Here's the thing; any form of identification, whether it be a letter of passage from the King, a passport, a photo ID, a biometric signature, a PIN - they all require a singular ubiquitous element in order to work.
Trust.
Before Photo IDs, we still had drivers licenses, but they were paper and contained a name, an address, and a physical description of the driver (male, Caucasian, 170cm, black hair, brown eyes, etc.) and these were taken as proof of identification. We switched to photo IDs because they were supposed to be harder to cheat, and they are. But, they're not impossible to cheat which is another problem.
Biometrics are similar - biometrics are really useful the second time you ever meet someone, and their sole strength is ensuring that a person isn't registered in a system multiple times. Yes, they're also a part of authentication, but even the best biometrics have Detection Error Tradeoff (DET) curves associated with them - occasionally, they get it wrong and let someone in they shouldn't or lock someone out they shouldn't.
The point being, that authentication of identity relies on one or more of three elements,
What you have (Photo ID key or swipe card)
What you know (password)
What you are (biometrics)
in some combination that can be trusted to a point where the risk is acceptable.
This is in fact the key point - all authentication protocols are in effect risk mitigation systems, not risk avoidance systems. You will NEVER eliminate the risk of either false positives or false negatives in your authentication process unless you set up a system where the authentication process represents a practical prohibition on access to whatever system you have.

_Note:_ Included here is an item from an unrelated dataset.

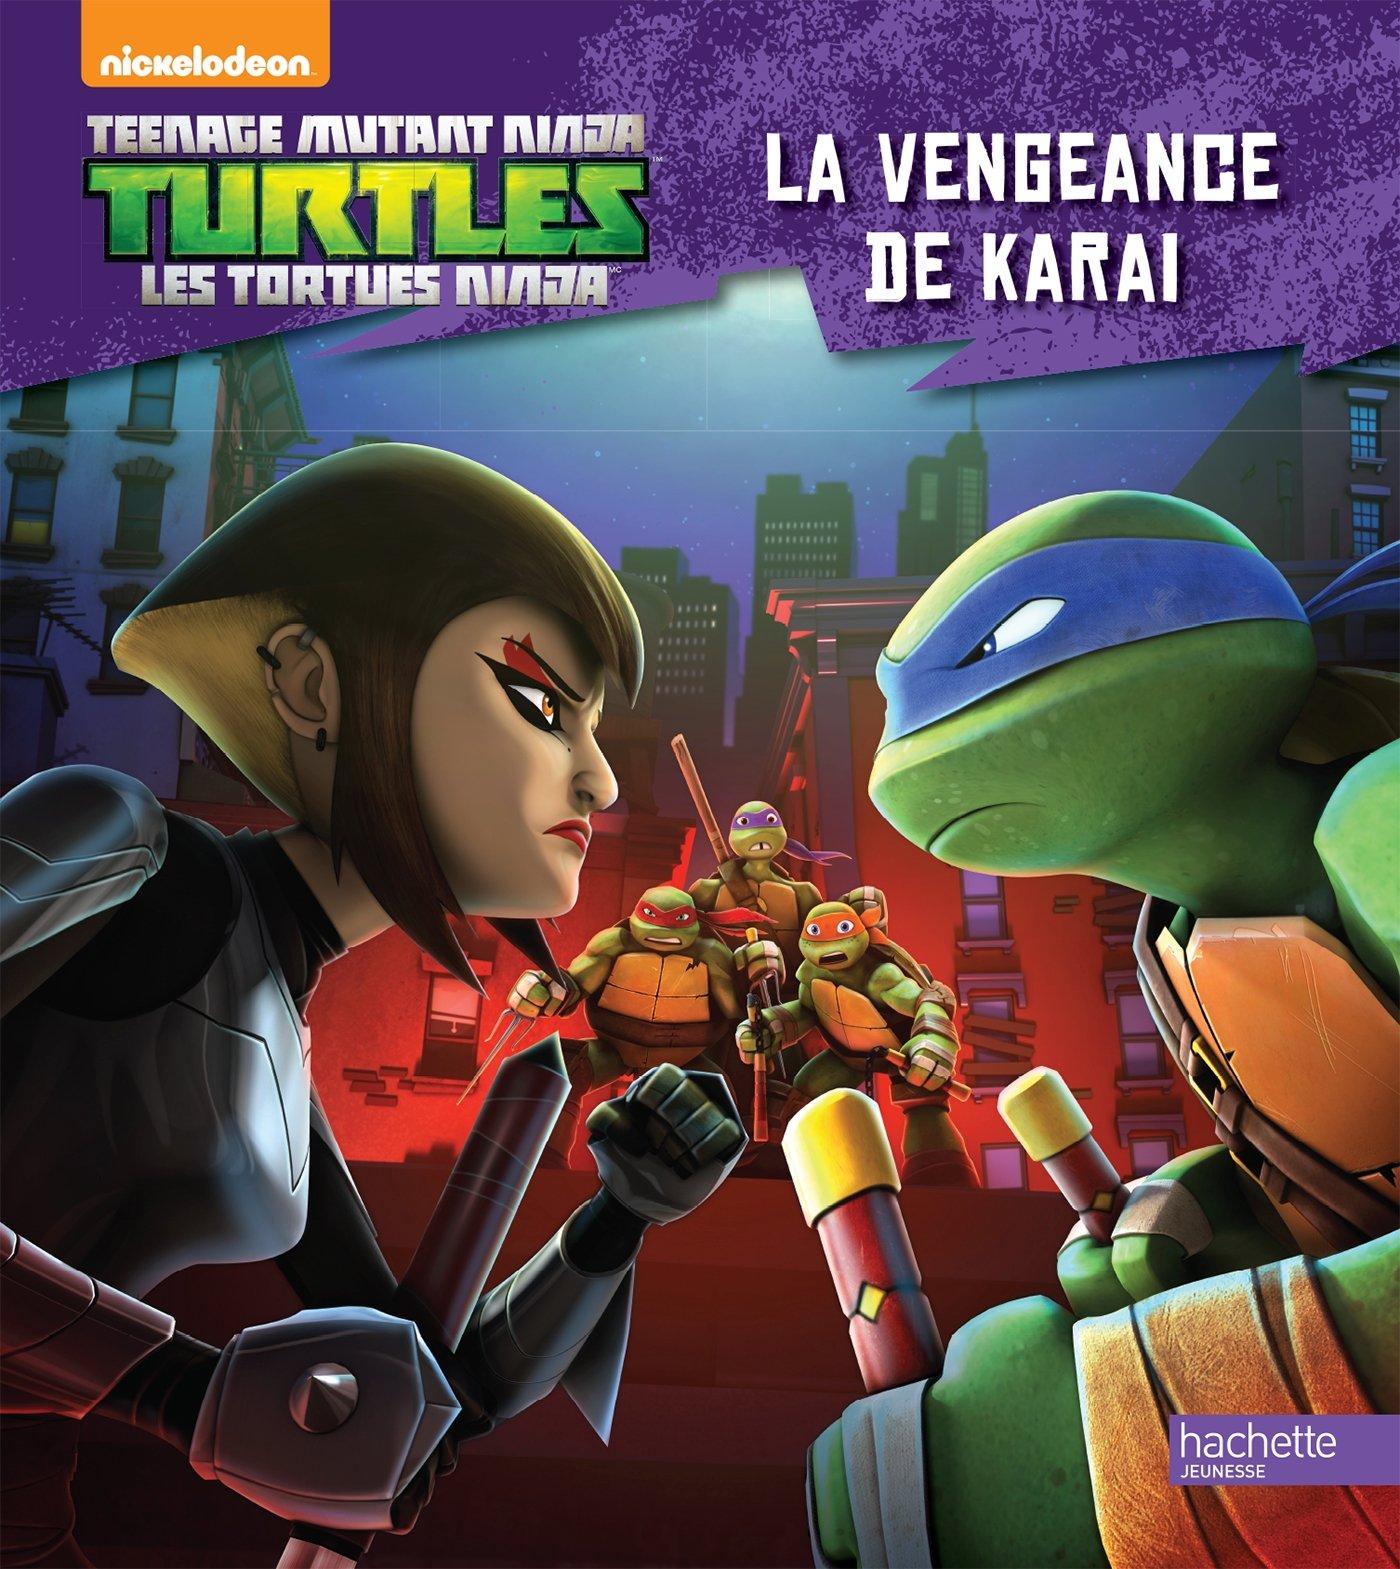 Tortues Ninja - la Vengeance de Karai: 9782010011191: Amazon ...

In other words, your cop pulling over someone for a broken taillight is really just doing a cursory check that the person in front of him isn't a wanted killer (which is highly unlikely) because no real damage has been done and he just wants to issue the infringement notice to the right person.

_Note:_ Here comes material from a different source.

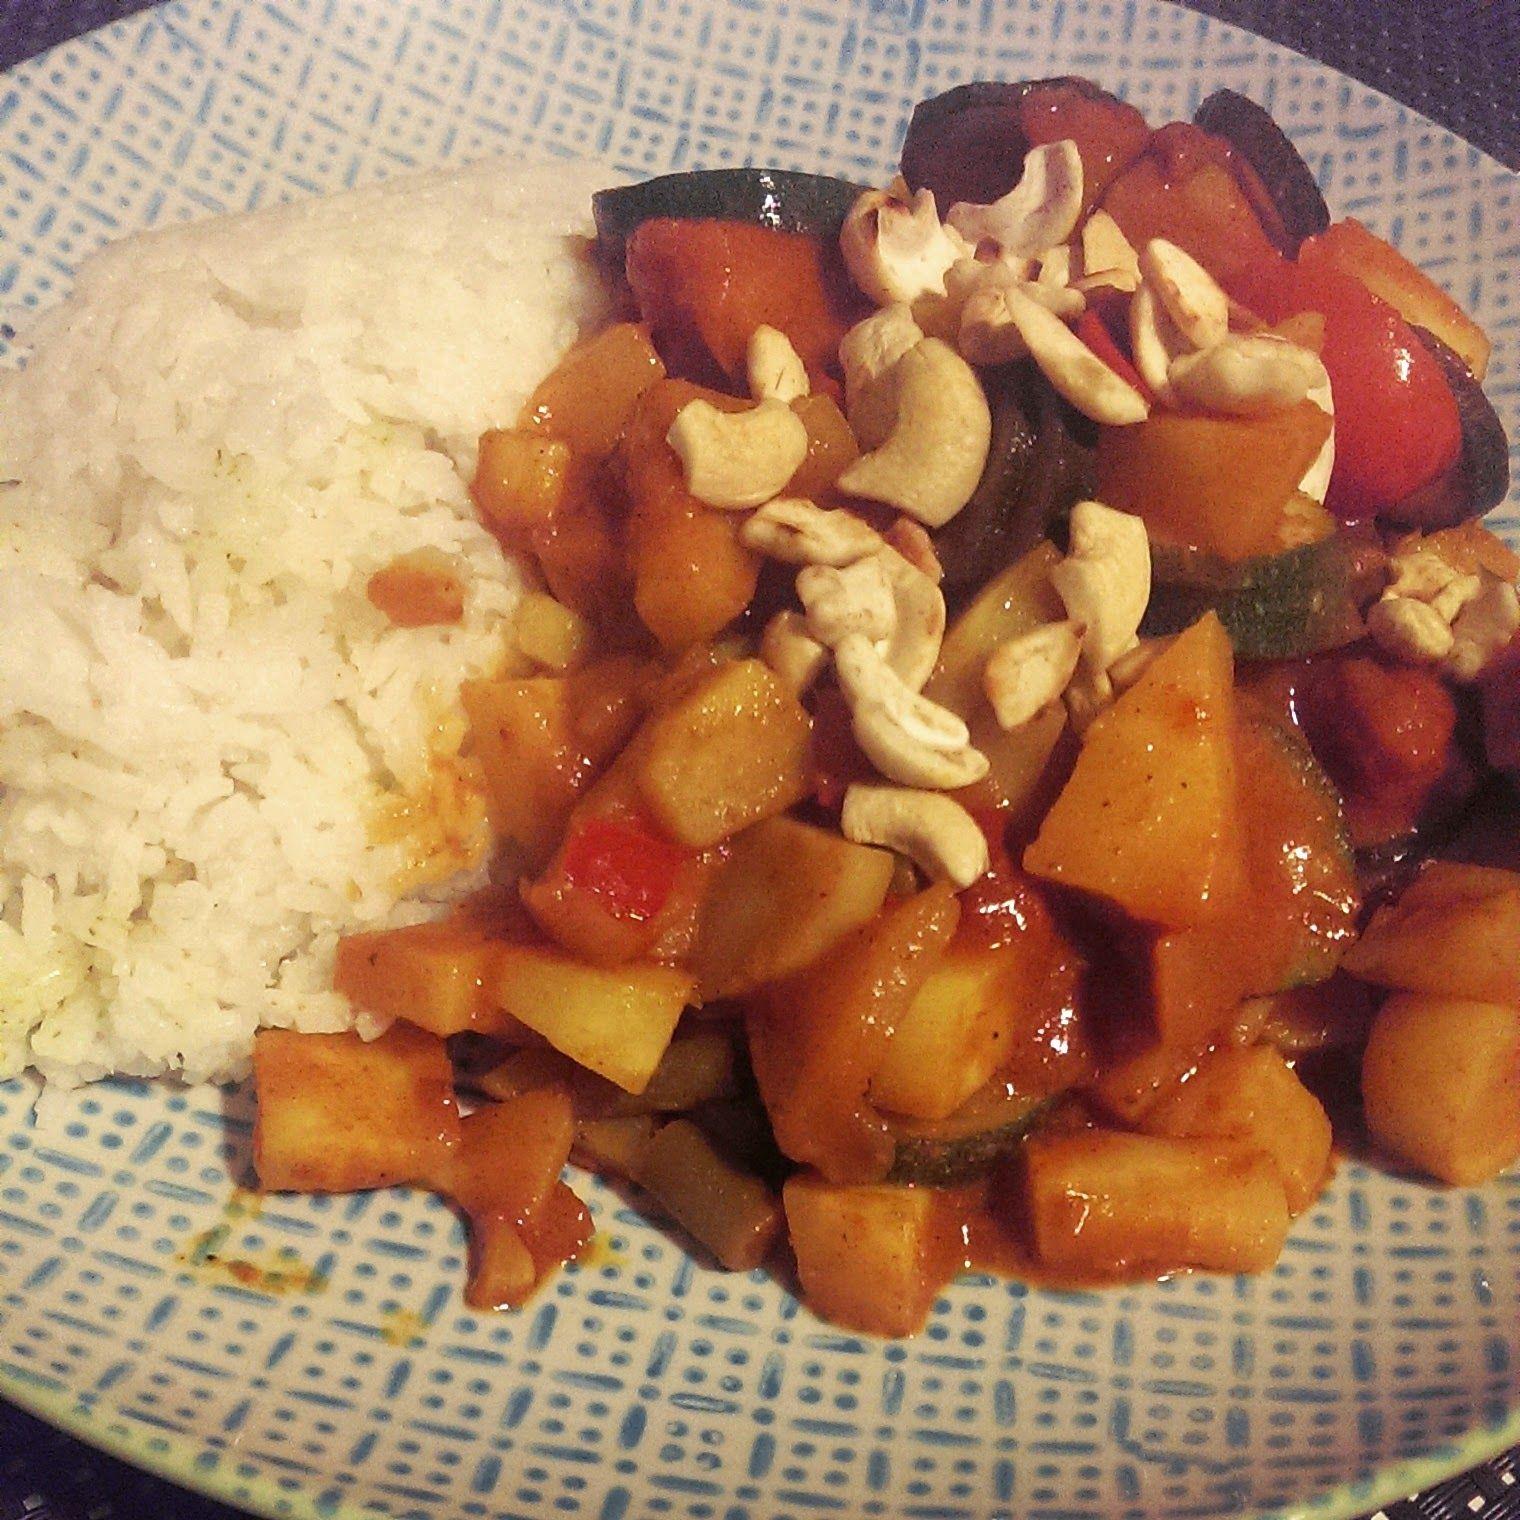 Abends gab es bei FrauJupiter Pastinaken-Zucchini-Gemüse in einer Fertigsauce von Sanchon und mit Cashewkernen und Reis

So - your shapeshifters may not have a photo ID at all - it kinds of defeats the purpose. What they may have is some form of DNA test or some other simple to use identifier that is much harder for a shapeshifter to circumvent.
In point of fact, if shapeshifters are a part of your society, normal biometrics like photo IDs, facial recognition, fingerprints, etc. are now all redundant for everyone. Why? Because you don't want your shapeshifter impersonating a normal person when the police pulls him over for a broken taillight and it turns out he's just killed the original owner of the car.
Ultimately I don't know what kind of identity authentication you would employ in a society with shapeshifters (and it's probably a really good question to ask here in its own right) but the simplest answer to your question about how to resolve the incompatibility between photo IDs and shapeshifters is not to use photo IDs.
The very existence of your shapeshifters has brought the trust value of photo IDs down to zero.
Assuming that your shapeshifters have a static DNA profile, what you'd probably find is that pretty quickly you'd see the advent of portable DNA sniffers being used for identification purposes by police, airports, etc. Most 'what you have' models of authentication would be abandoned pretty quickly and replaced with some other mechanism that can be trusted to the same level as photo IDs were pre-shapeshifters.